Its literal meaning — “higher,” “above” — is less awesome than any English equivalent. “I do not yet understand the meaning of the word ‘kami,’” wrote nativist thinker Motoori Norinaga (1730-1801) in “The Spirit of the Gods” (1771, translated by Peter Flueckiger). “It ... includes (some) human beings. It also includes such objects as birds, beasts, trees, plants, seas, mountains and so forth. In ancient usage, anything whatsoever which was outside the ordinary, which possessed superior power or which was awe-inspiring, was called kami. ... Evil and mysterious things, if they are extraordinary and dreadful, are called kami.”

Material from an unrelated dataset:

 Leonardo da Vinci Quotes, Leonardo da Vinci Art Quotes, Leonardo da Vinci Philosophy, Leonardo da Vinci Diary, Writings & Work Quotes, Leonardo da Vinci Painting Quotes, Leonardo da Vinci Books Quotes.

The “Nihon Shoki” (720, translated by W.G. Aston) speaks of “evil Deities that buzzed like flies.” Has any other culture ever spoken of its gods in such demeaning language? Maybe it’s not demeaning. Motoori writes: “The teachings of this august country have been transmitted unchanged since the age of the gods, without the slightest trace of human cleverness, so they may sound shallow on the surface. But in truth they are limitless and are imbued with a deep and mysterious principle that cannot be understood by the human intellect. The failure to understand this comes from being deluded by Chinese writings.” Confucianism, Buddhism and Chinese civilization in general, so rich and powerful and brilliant, everything early Japan was not, had led Japan disastrously astray. Motoori returned in spirit to Japan in its pristine state. Let us follow him — or the “Kojiki” rather.
In “the Plain of High Heaven,” in the seventh generation, Japan’s seed was sown. It is a nation conceived in love. A shy youth kami courted a shy maiden kami. They were elder brother and younger sister, but that is incidental. There is not a hint of incest in the tale. The youth’s name was Izanagi, the maiden’s Izanami. Their first task together was to create an island. The senior gods give them “a heavenly jeweled spear. So the two deities, standing upon the Floating Bridge of Heaven pushed down the jeweled spear and stirred with it.” The drops dripping from the spear became the island of Onogoro.
Here they erect a “heavenly august pillar.” Sparsity of detail permits us to imagine a kind of maypole around which the young kami lovers danced. Izanagi says, “We should create children.” Yes, they should — but how? Who can read this without recalling his or her own adolescent fumblings? Things go wrong: A “leech child” is born, deformed somehow, set adrift never to be heard of again. The young couple try again. The resulting offspring are the numerous islands destined in the fullness of time to be Japan.
Next are born myriad kami. Izanami dies, burned horribly giving birth to the fire-kami. Here the story turns filthy. “The names of the deities born from her vomit were...” “The names of the deities that were born from her feces were...” — and so on. It can’t be helped. High and low, beauty and filth, holiness and corruption — opposites they seem, one they in fact are.
Suppose we — humanity — could go back to “the Plain of High Heaven” and start all over again. The confusion of our own time breeds the thought. Would we write the story differently?